Canadian growers fighting EFB

British Columbia: Hazelnut industry bounces back in a big way

For Peter Andres, torching what remained of his ravaged hazelnut trees was a last resort. Andres had been a prominent farmer in the B.C. hazelnut industry for more than two decades, but in 2011 a windblown spore called eastern filbert blight (EFB) struck his Agassiz orchard. At first, he chopped down infected trees. Within four years, the disease had become so pervasive that he burned the few survivors.

“It was 2008 when the first orchard in Chilliwack got hit, and I knew my farm was on the map for the next spread,” recalls Andres, former president of the BC Hazelnut Growers Association (BCHGA). “We spent $50,000 or more trying to cut down some of the [affected] trees on some of the farms, and we had some success slowing down the spread, but ultimately you can’t stop it.”

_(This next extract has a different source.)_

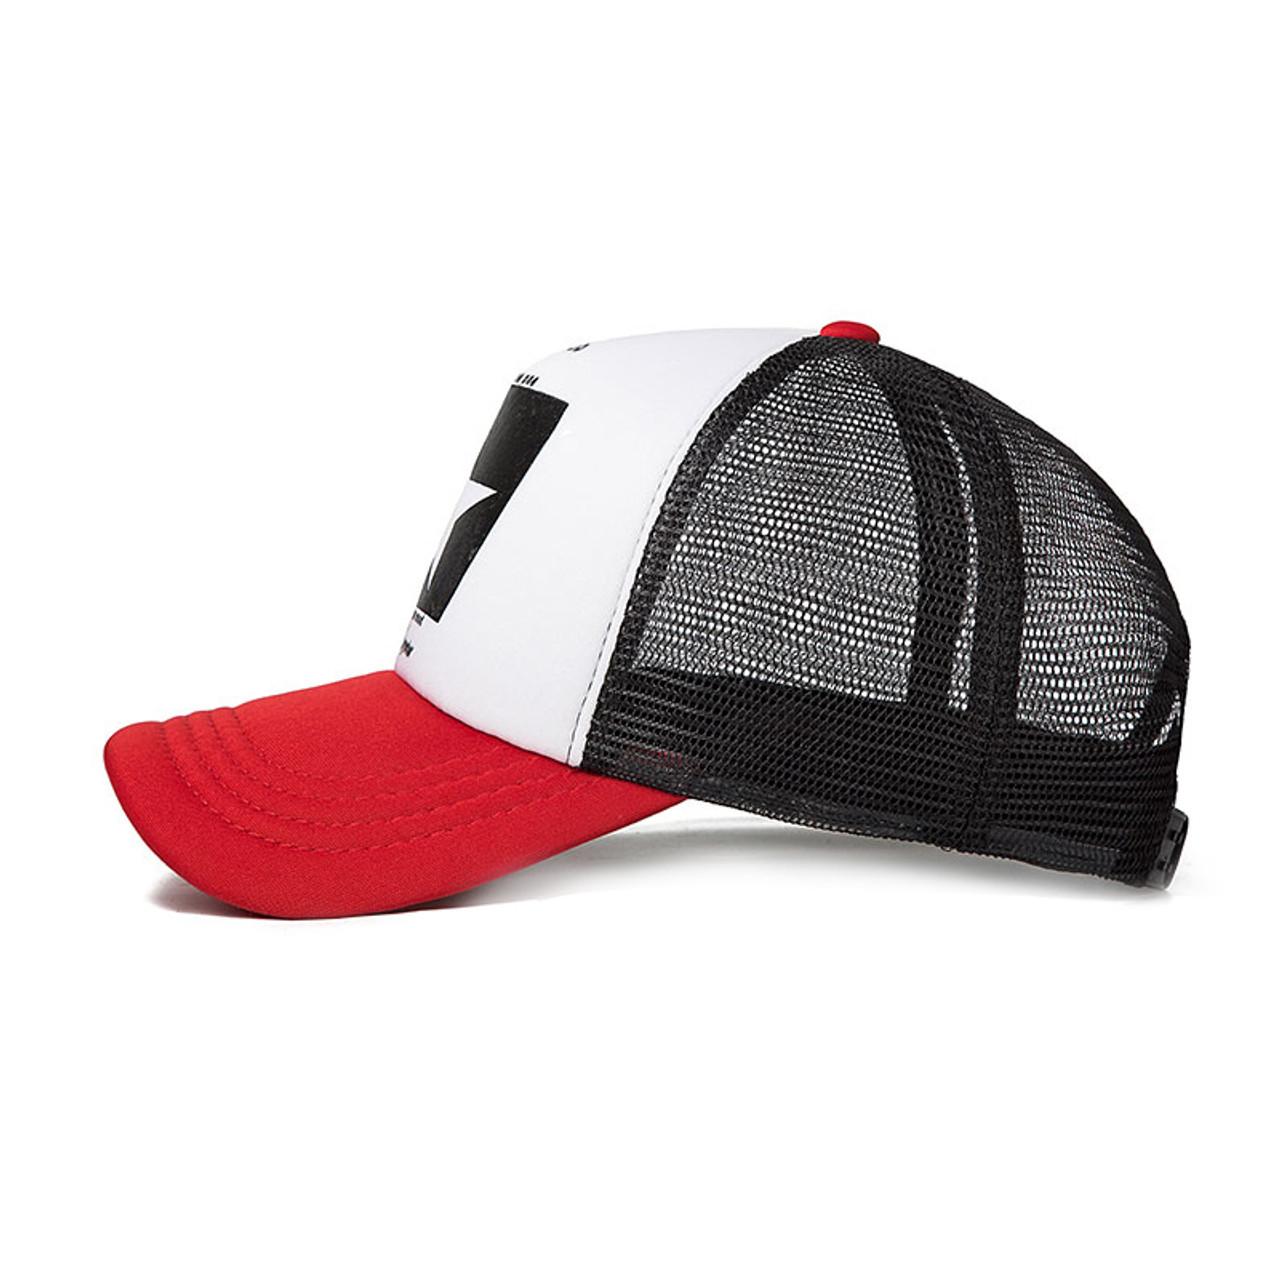 4dd9253e46827 ... SuperB amp G 2018 Fashion Summer Baseball Cap Women Men Mesh Breathable  Snapback Cap Unisex Adjustable ...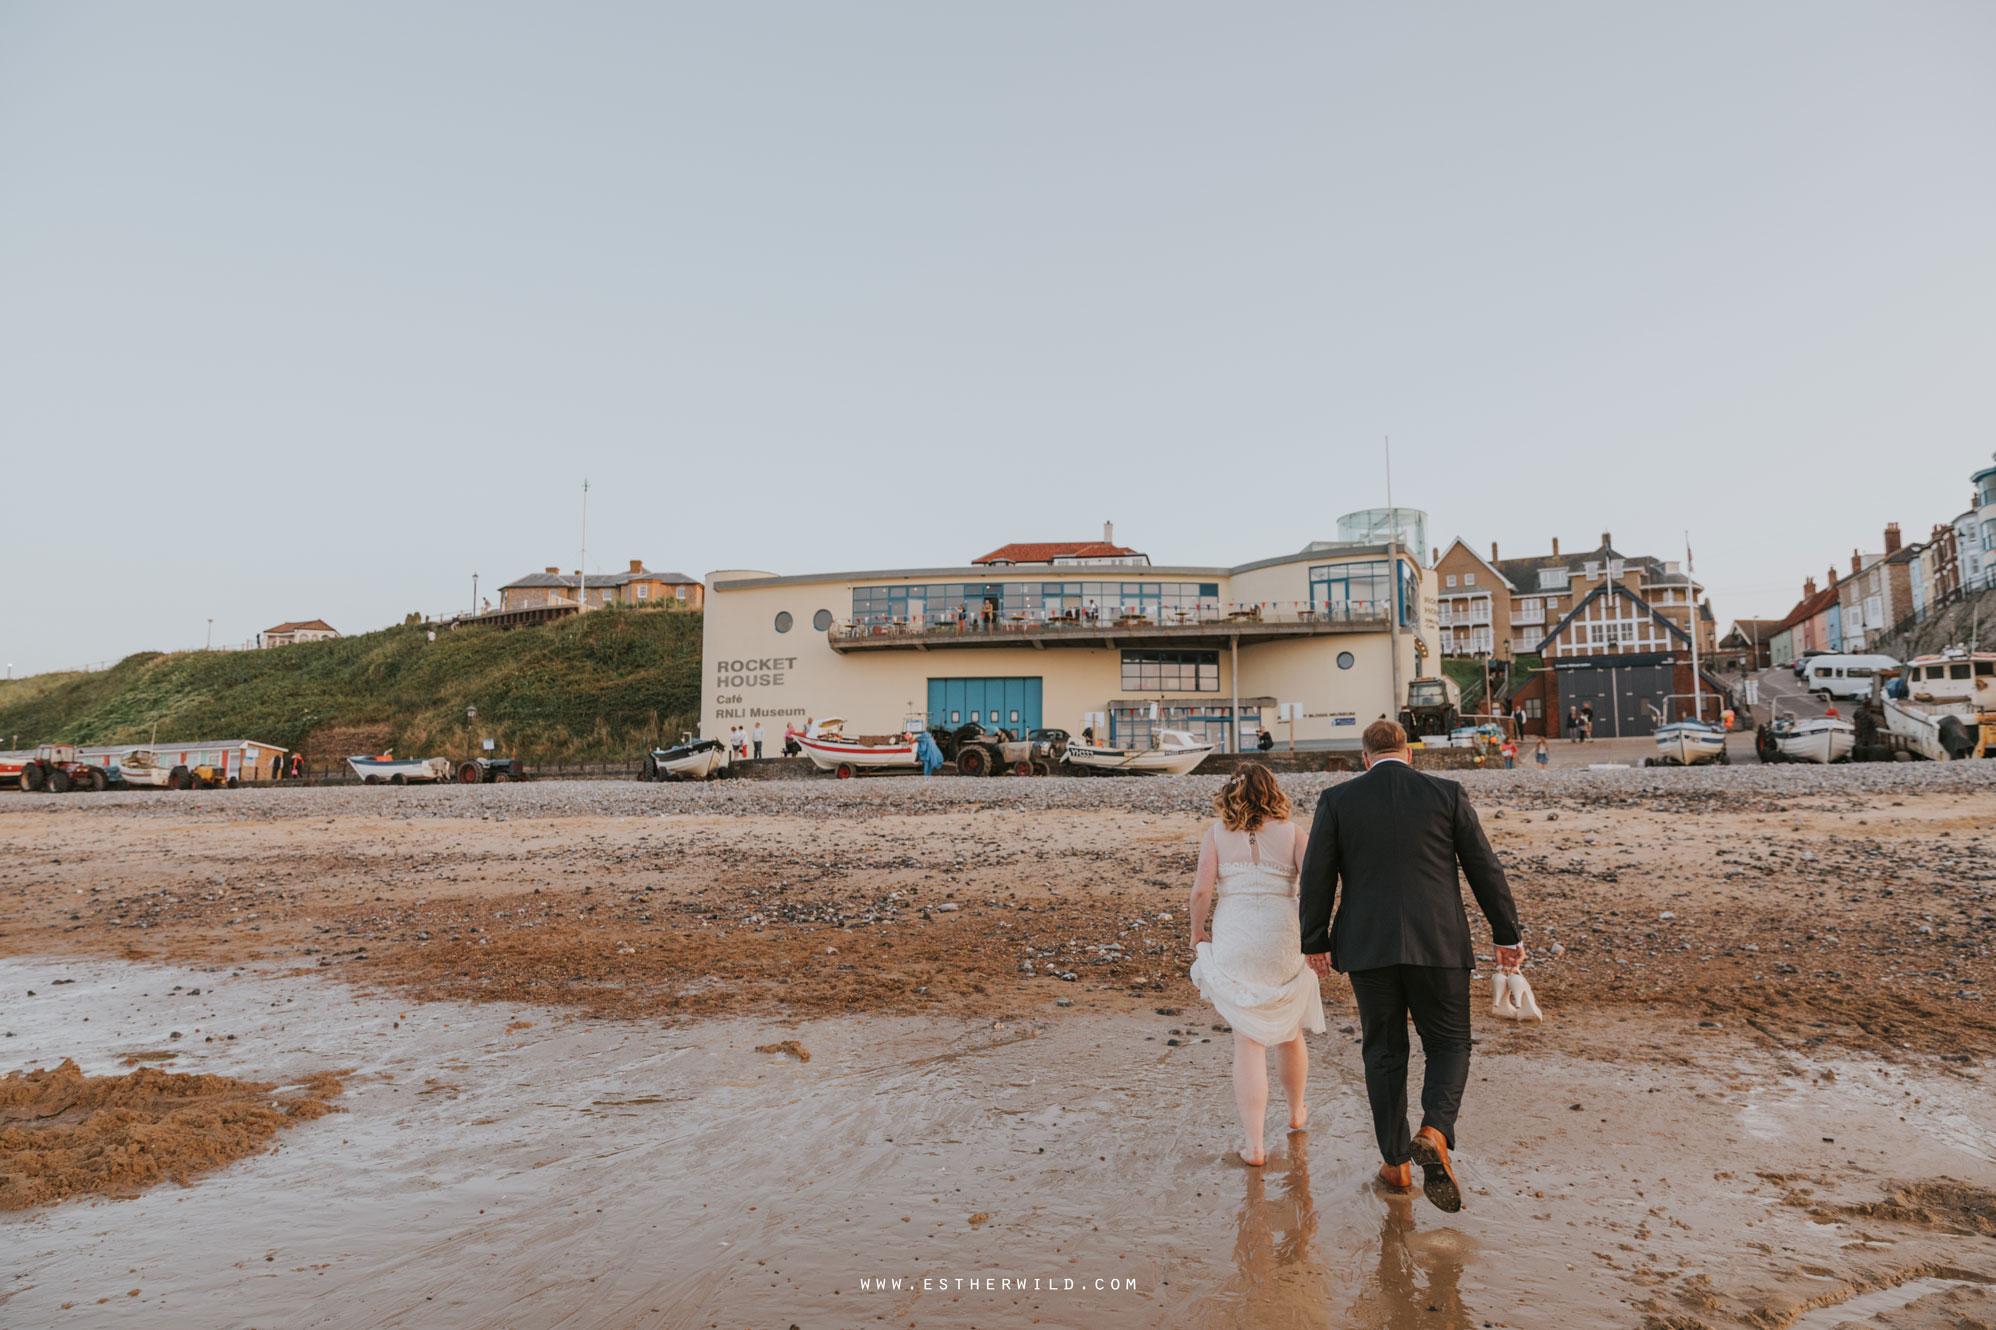 Cromer_Wedding_Beach_Outdoor_Ceremony_Norfolk_North_Lodge_Registry_Office_Rocket_House_Cafe_Cromer_Pier_IMG_5071.jpg

From 2006 through 2010, the B.C. hazelnut industry spanned 1,200 acres and produced more than a million pounds a year on average, according to the BCHGA. Easy-to-grow hazelnut trees were a favourite plant for hobby farmers, most of them in the Fraser Valley. But by 2015, EFB had wiped out the industry.

Now, thanks to the determination of farmers like Andres and some political will, B.C. hazelnuts are coming back. The 2018 harvest yielded 40,000 pounds, a number expected to grow exponentially in the next few years.